▶ What is required
Starting with the line that has "Appena catturati Lutianido" in the records below and ending with the line that has "32-2877: UBA3 Recombinant", output those lines exactly and nothing more; omit the pictures.

▶ Records for processing
· · · · · · ·

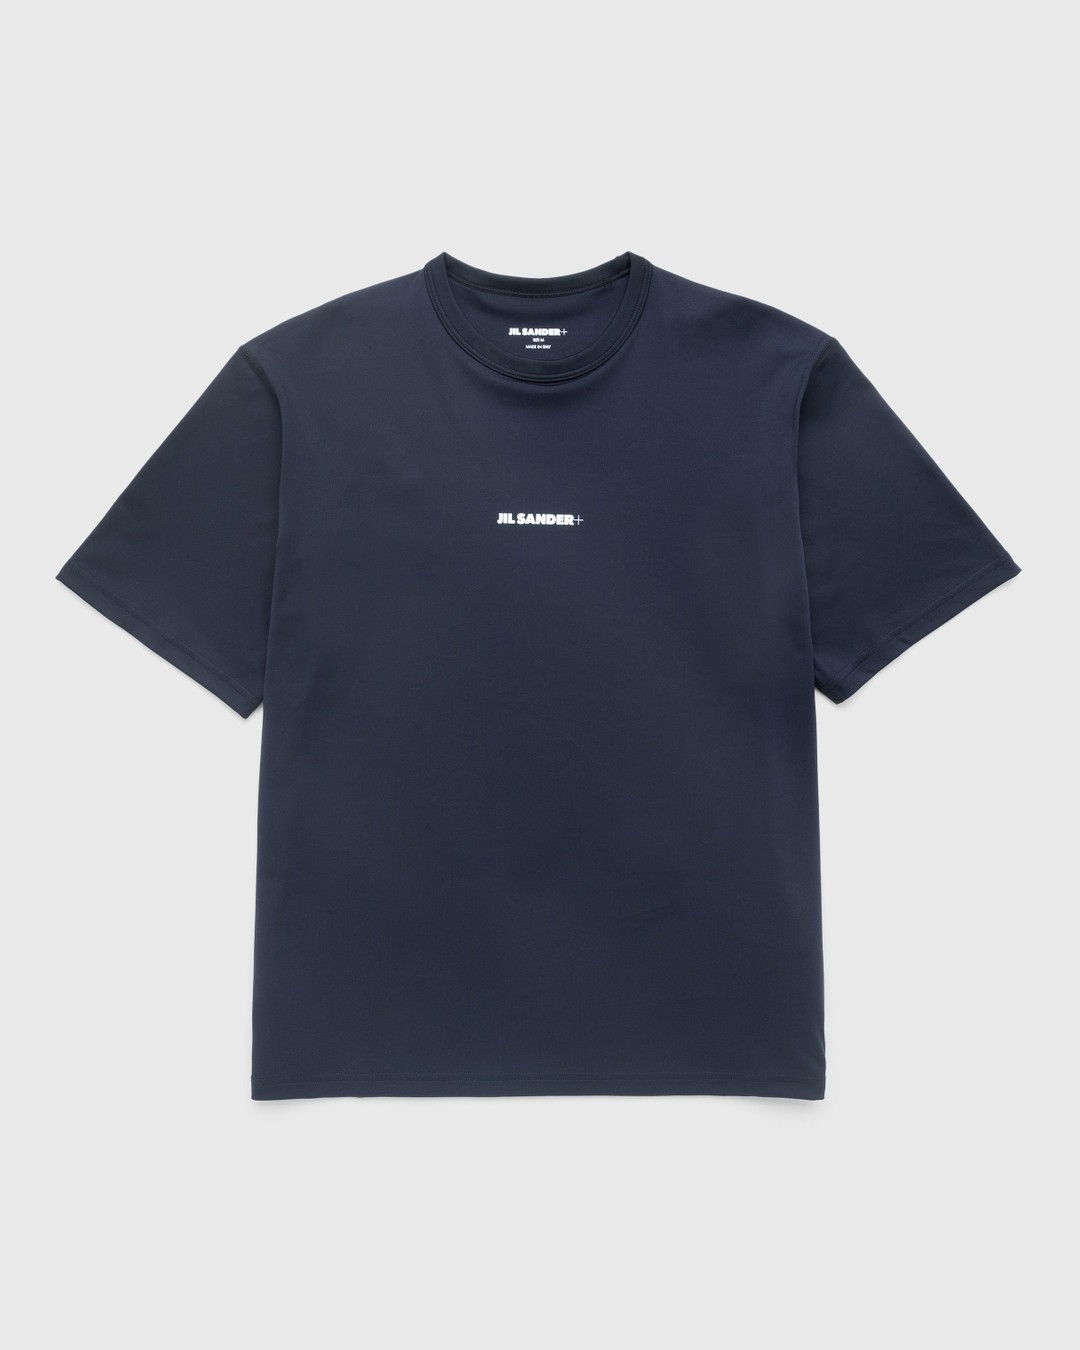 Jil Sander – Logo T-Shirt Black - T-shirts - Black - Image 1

· · · · · · ·

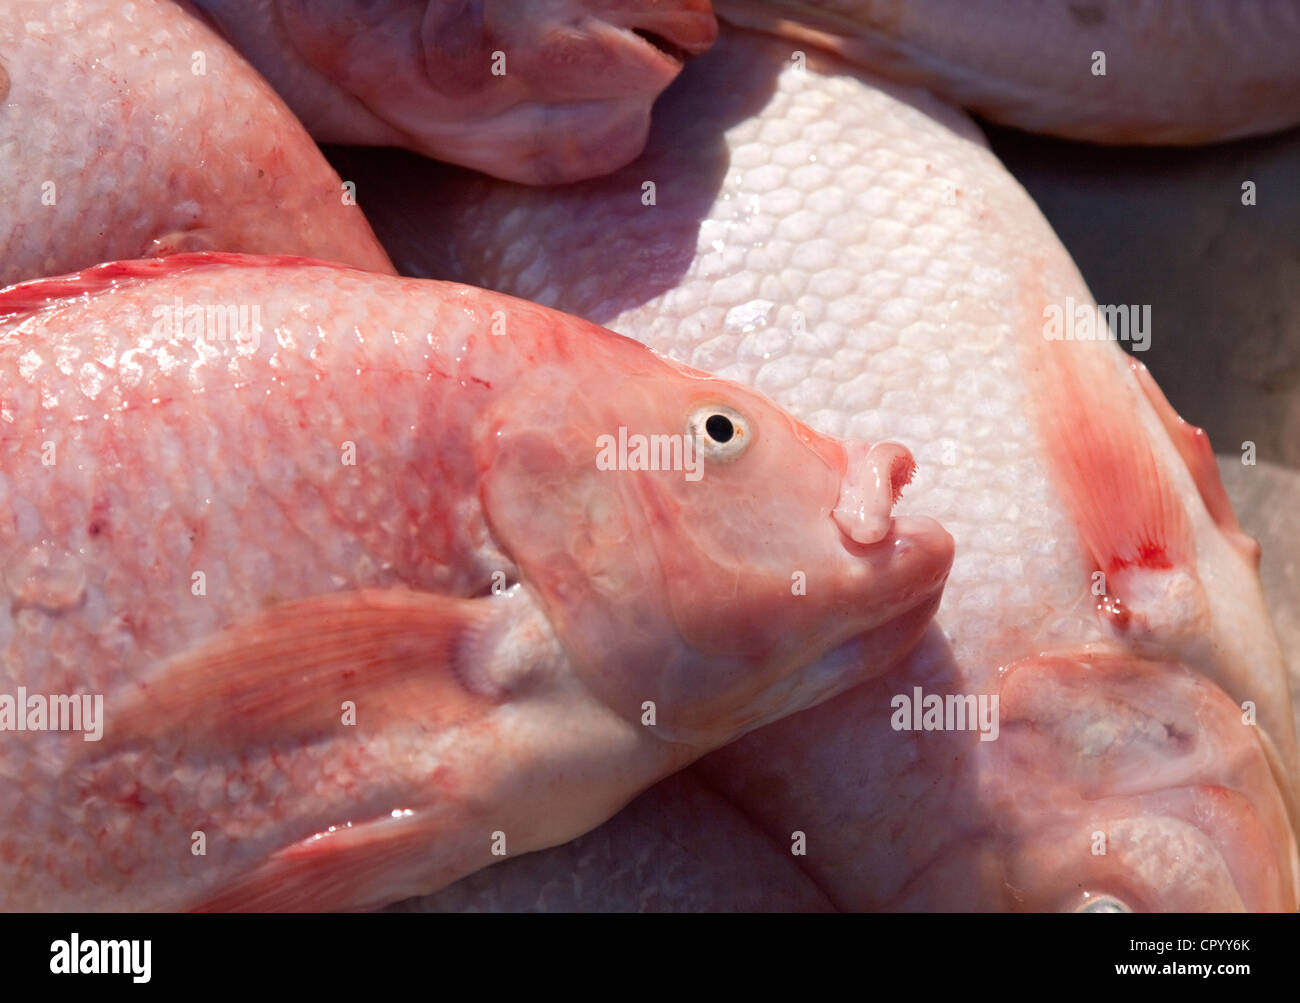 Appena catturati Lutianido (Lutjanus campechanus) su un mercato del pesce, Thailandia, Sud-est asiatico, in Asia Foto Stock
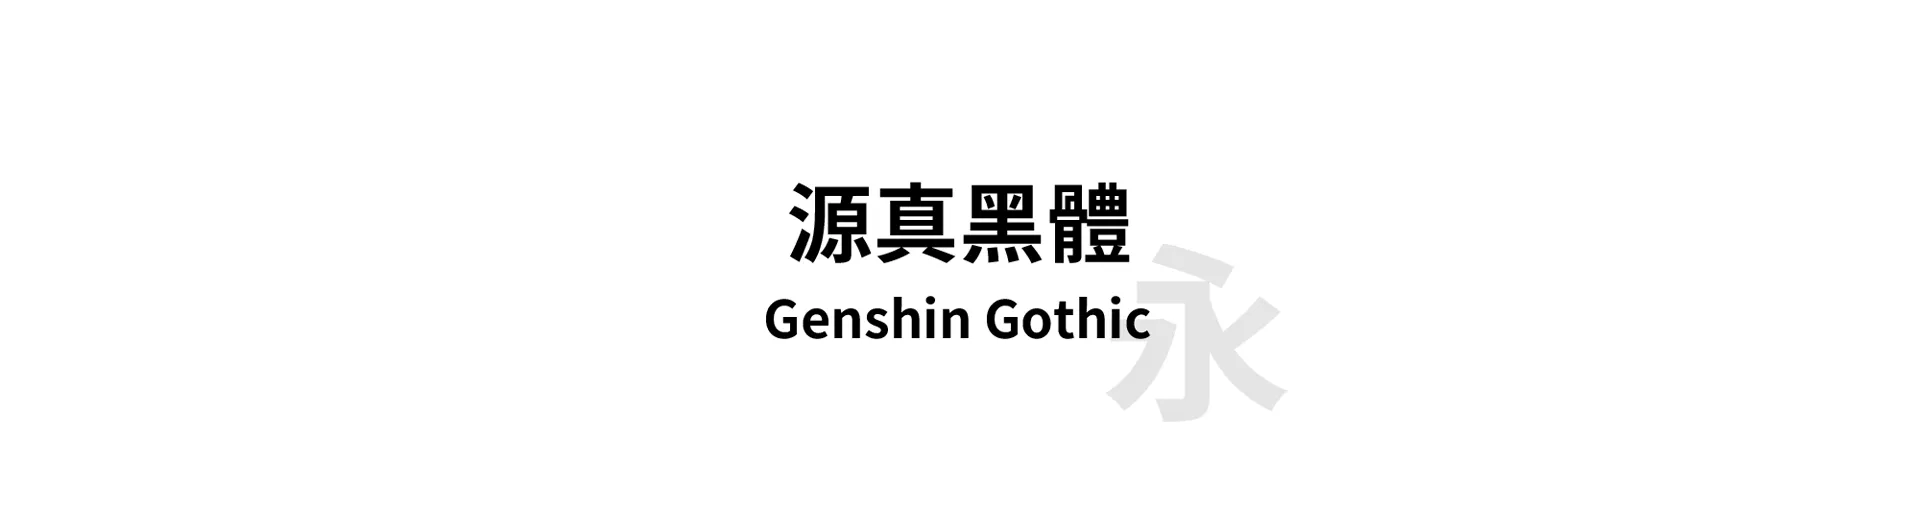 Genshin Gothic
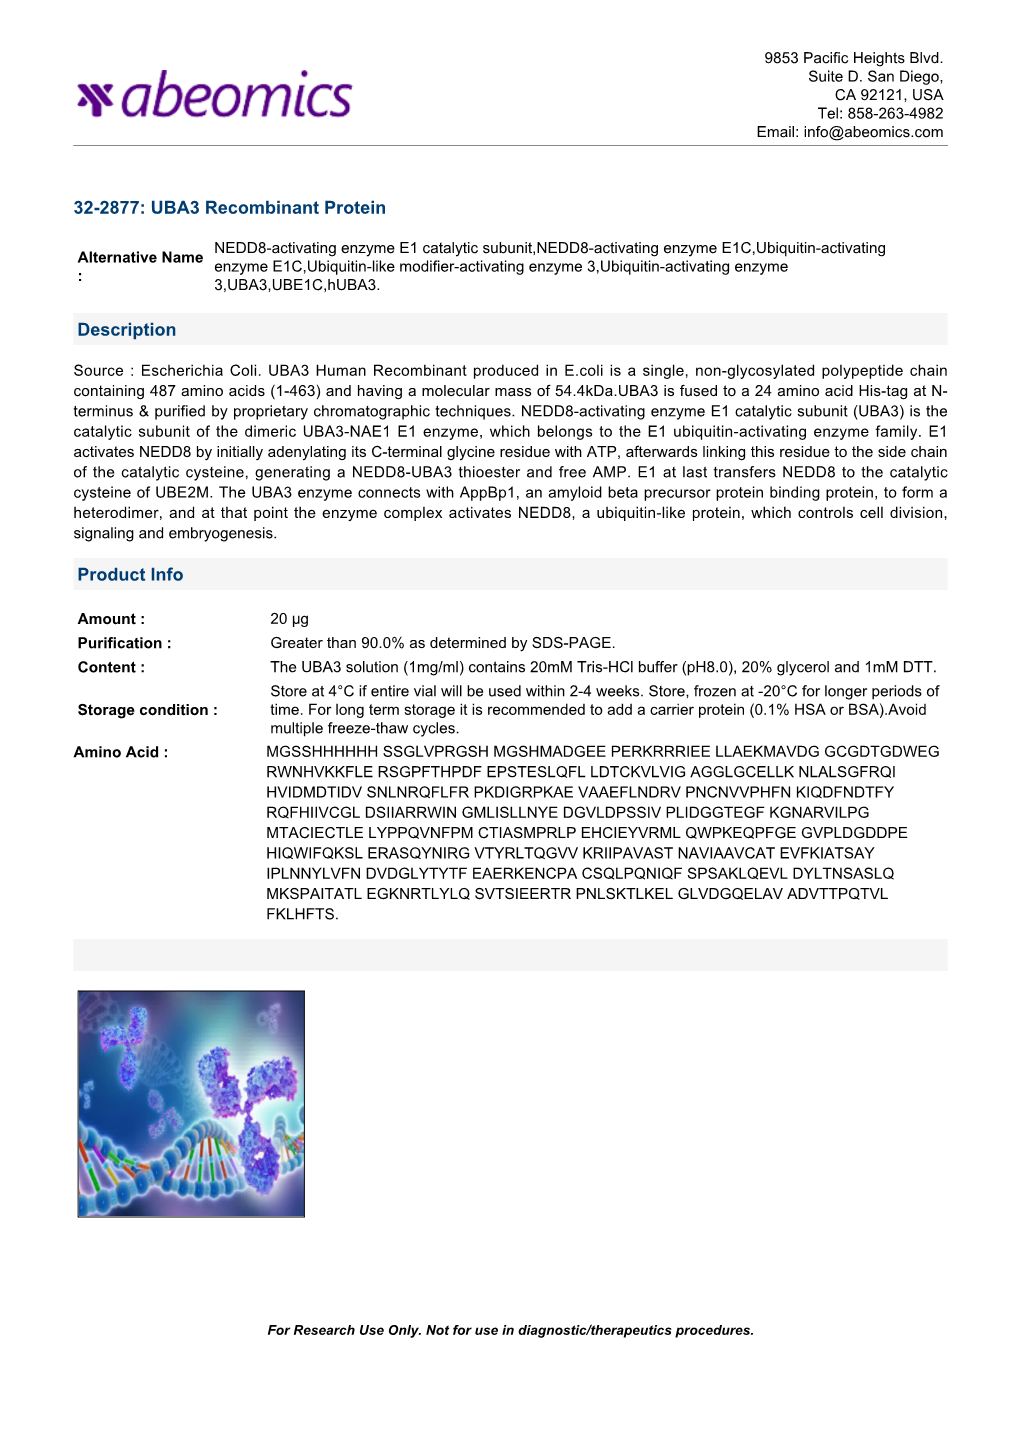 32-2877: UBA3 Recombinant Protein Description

· · · · · · ·

▶ Task solution
 Appena catturati Lutianido (Lutjanus campechanus) su un mercato del pesce, Thailandia, Sud-est asiatico, in Asia Foto Stock
 Genshin Gothic
 32-2877: UBA3 Recombinant Protein Description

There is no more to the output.